What needs to be done: The data below contains pictures, which are to be skipped; the lines starting at the line with "Banana Republic Size" and ending at the line with "Walgreens Birthday Invitations" are to be output exactly, both ends included.

Records supplied:
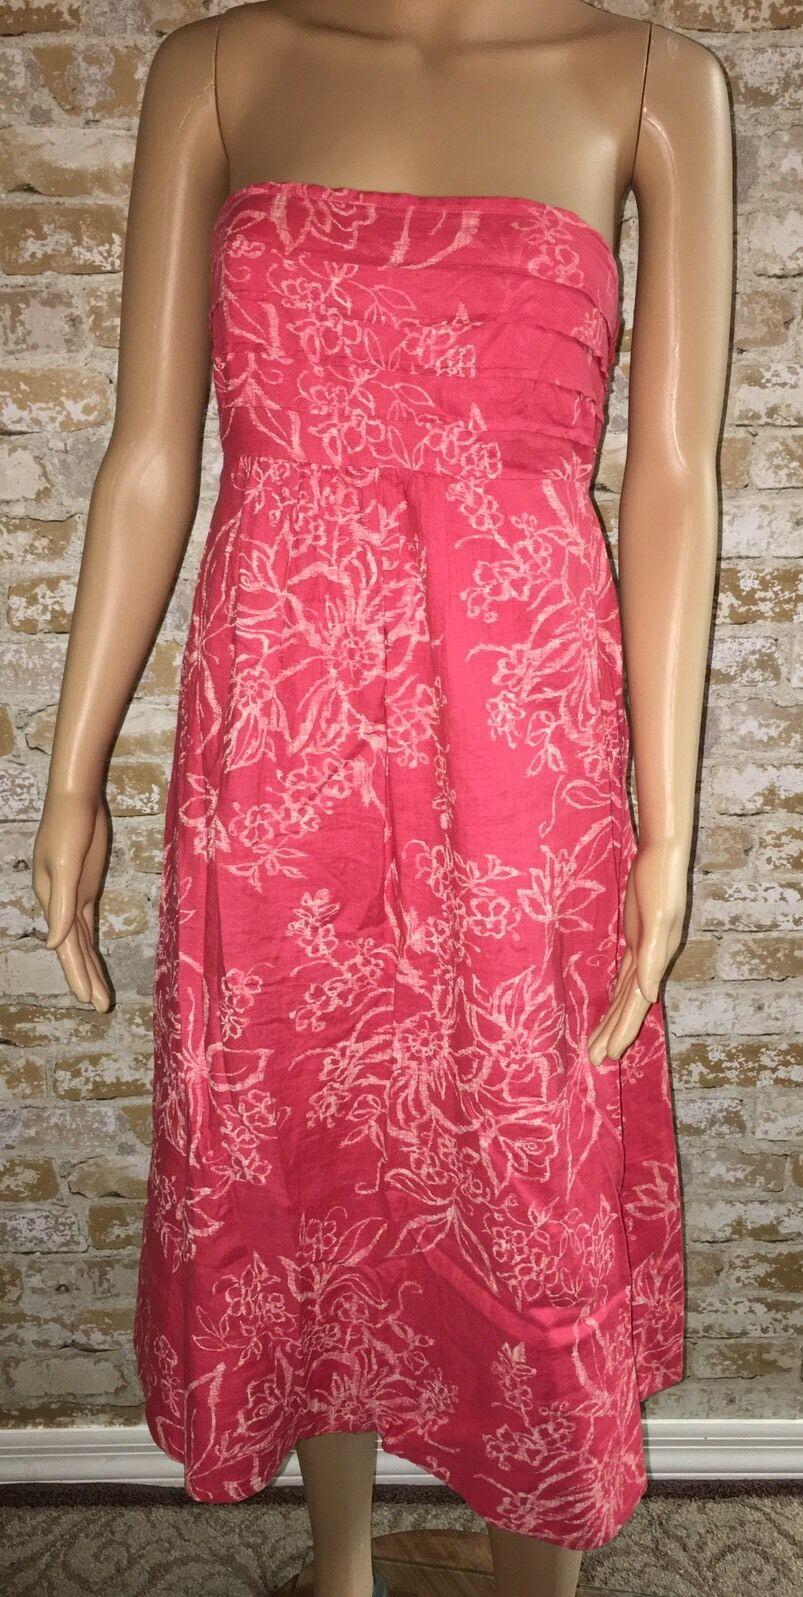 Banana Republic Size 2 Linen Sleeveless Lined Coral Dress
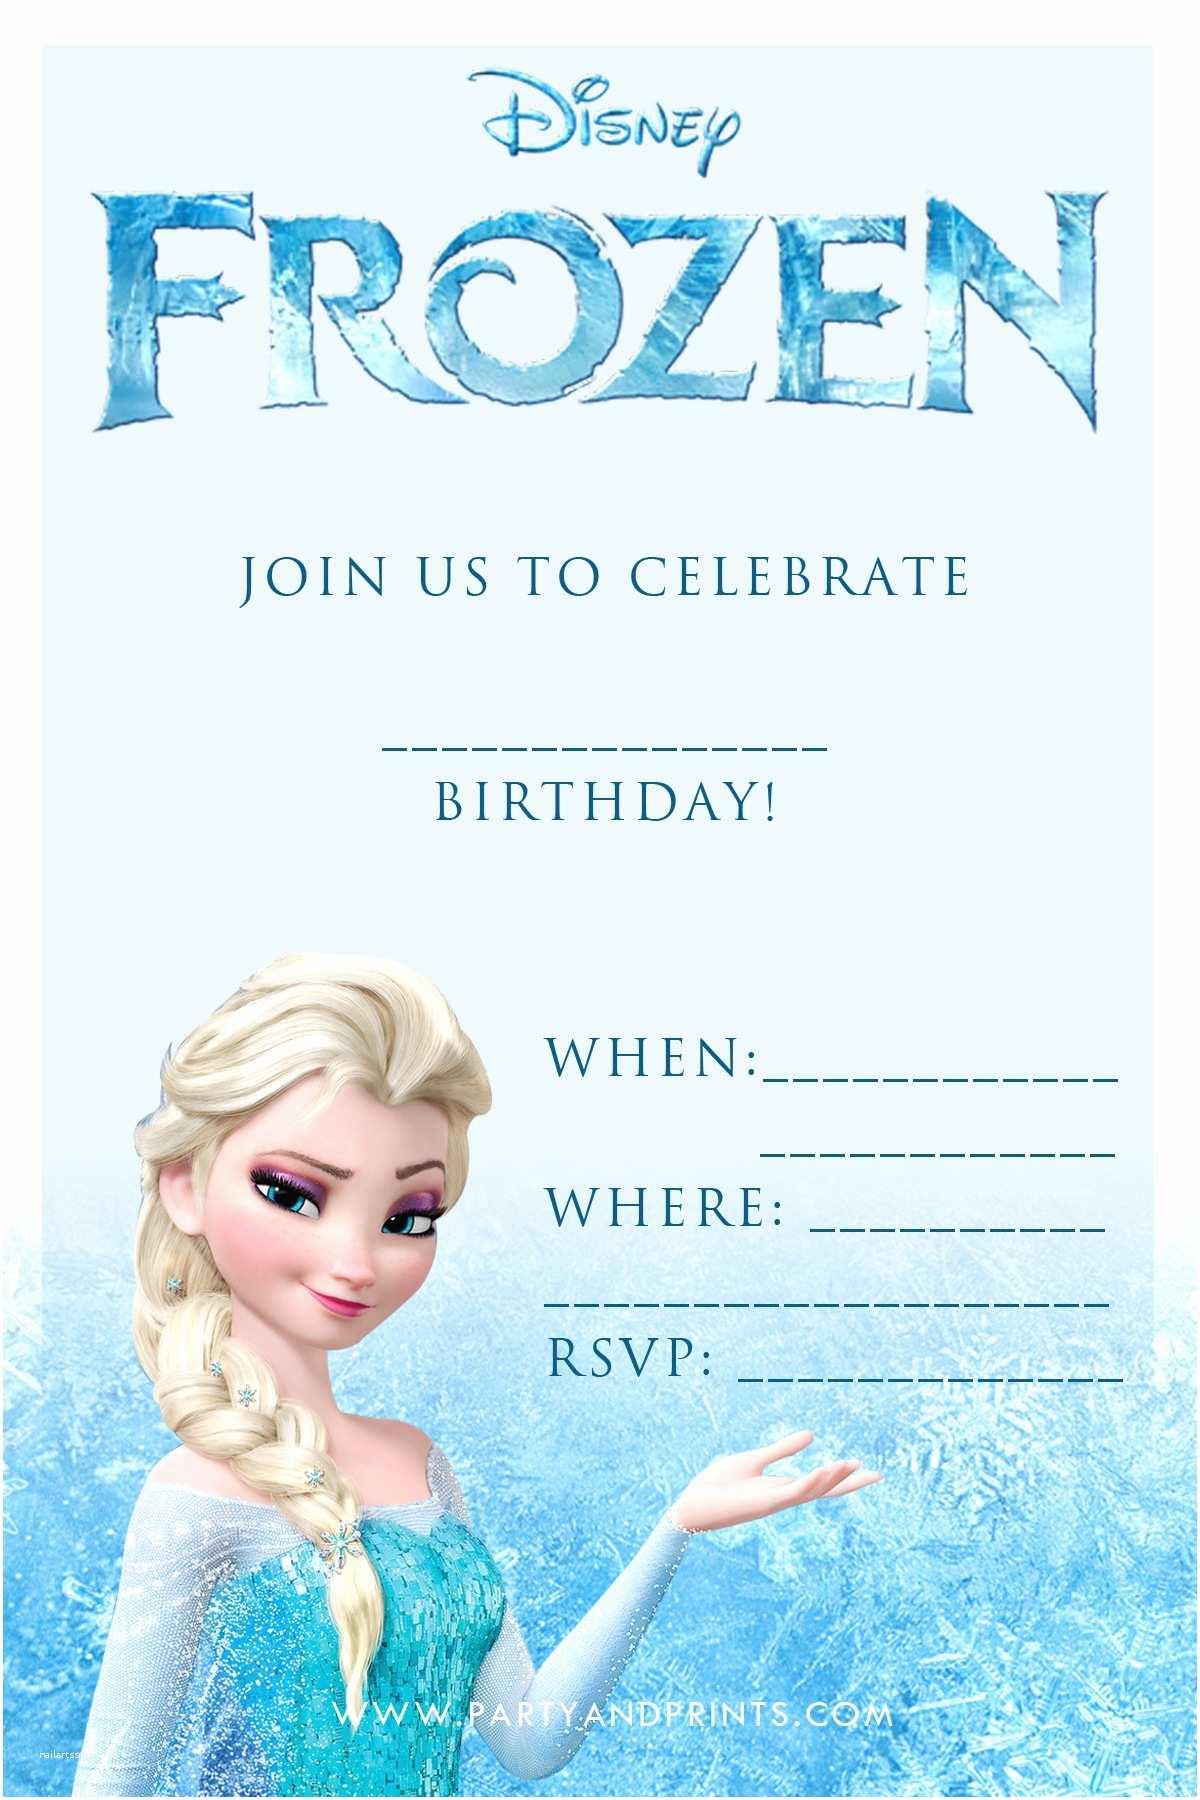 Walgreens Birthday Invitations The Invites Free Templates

==

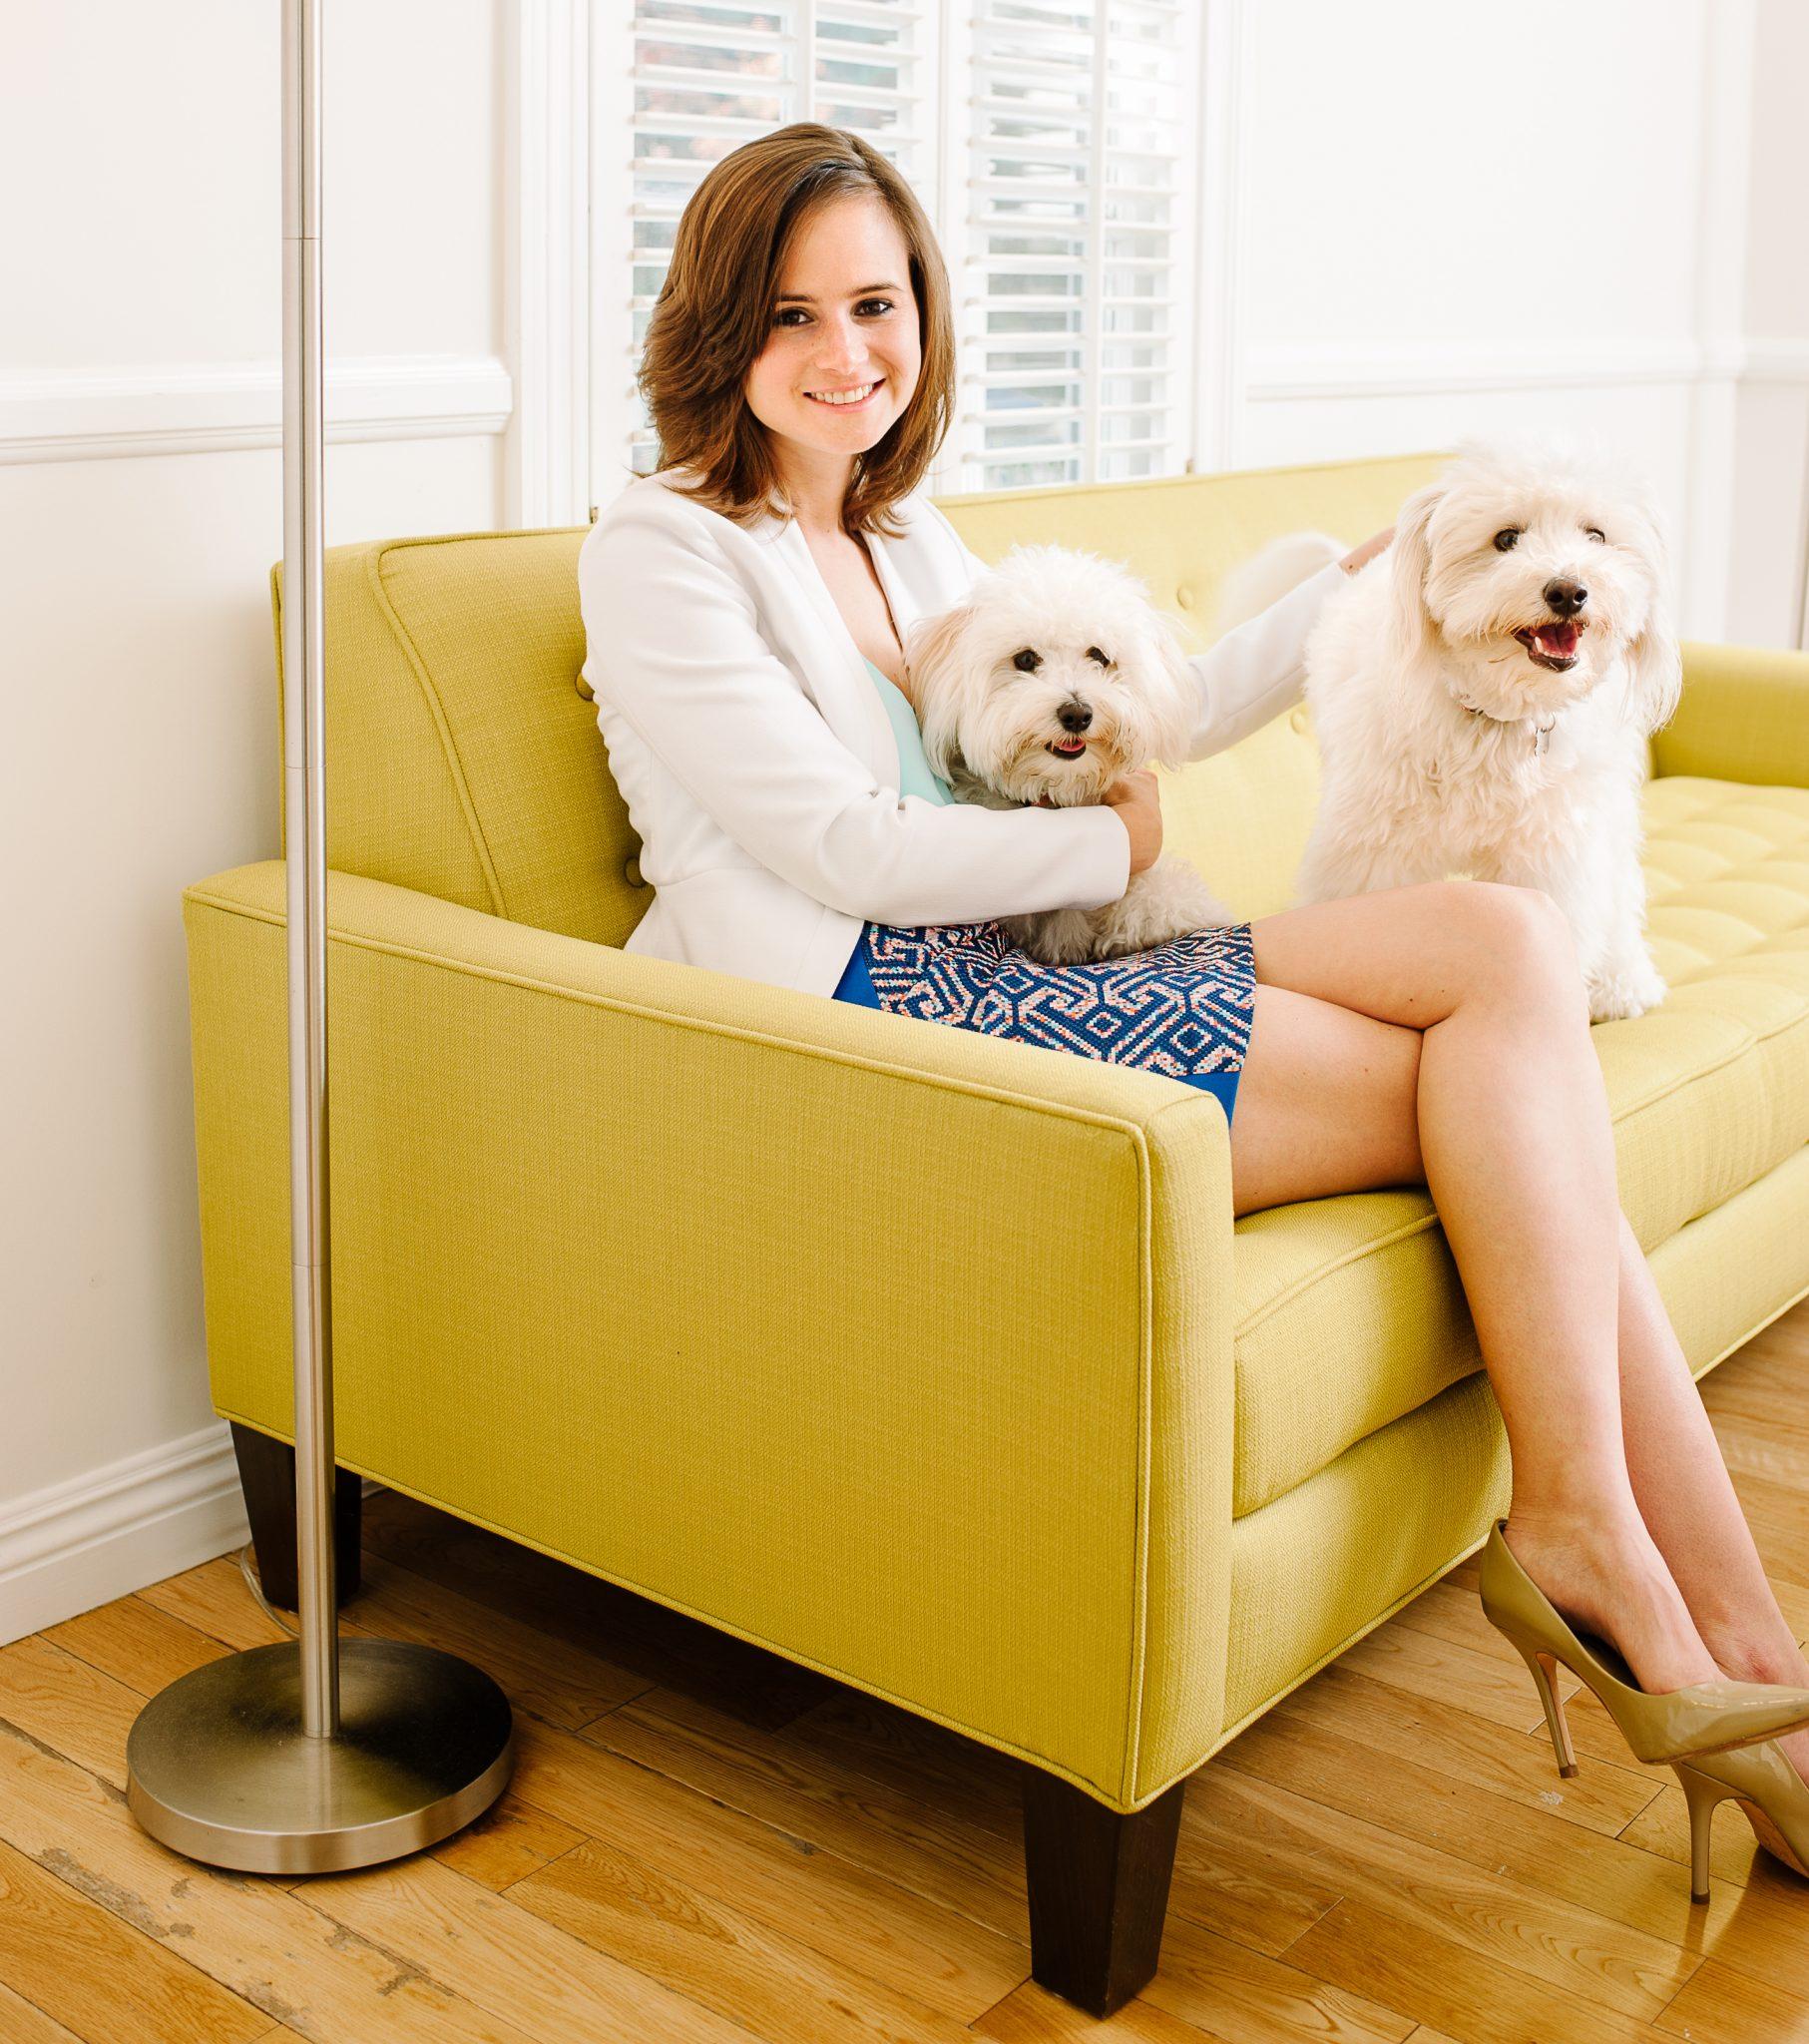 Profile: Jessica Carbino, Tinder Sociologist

--

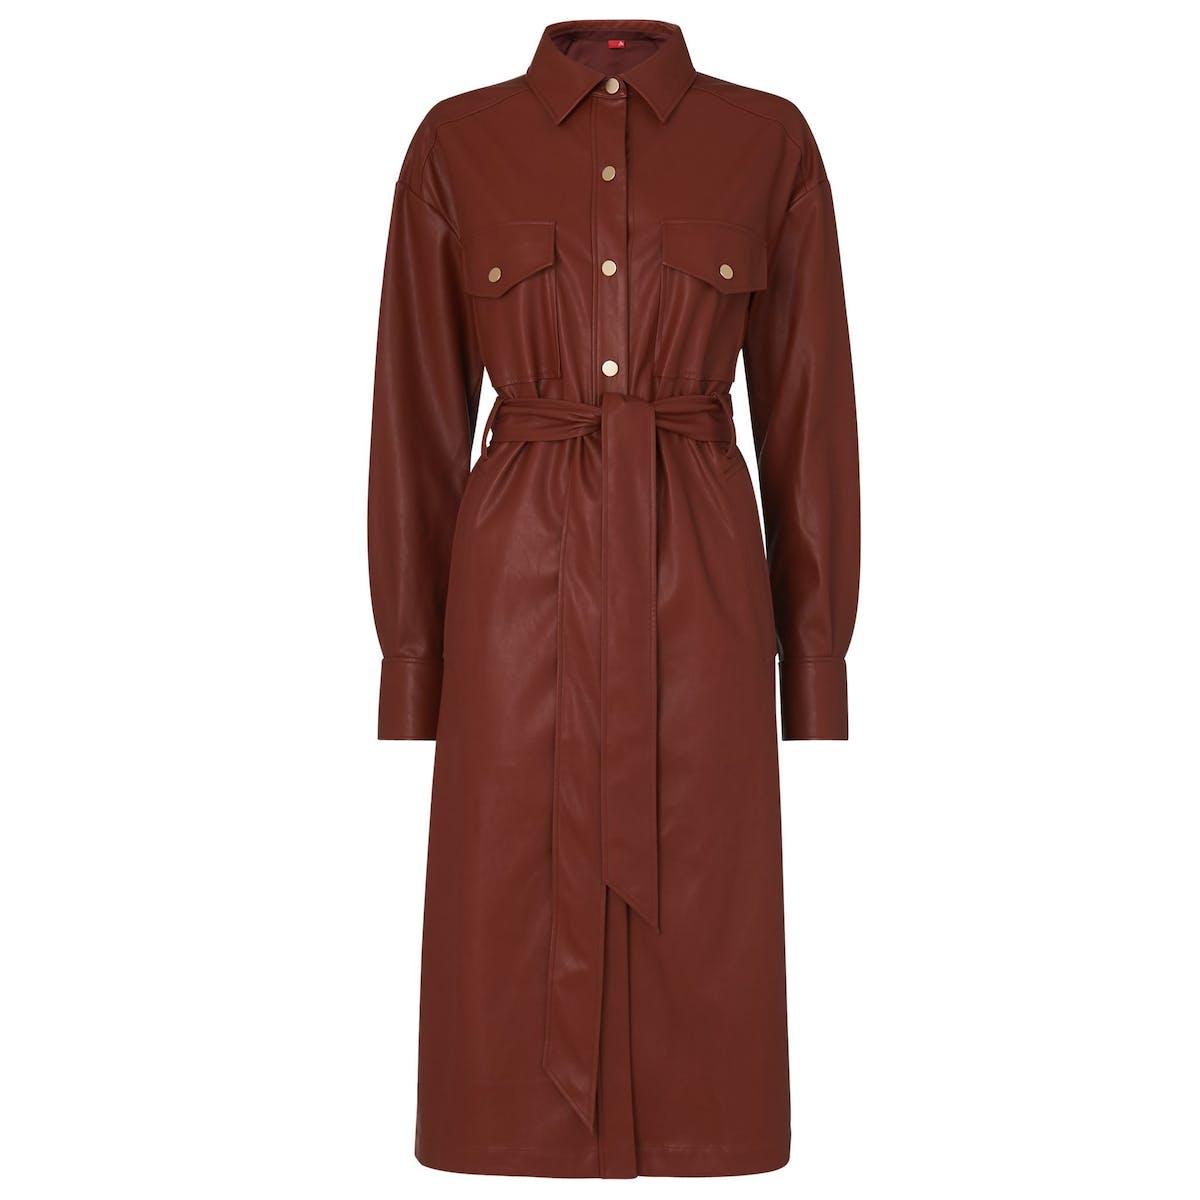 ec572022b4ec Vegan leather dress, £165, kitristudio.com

Output for this task:
 Banana Republic Size 2 Linen Sleeveless Lined Coral Dress
 Walgreens Birthday Invitations The Invites Free Templates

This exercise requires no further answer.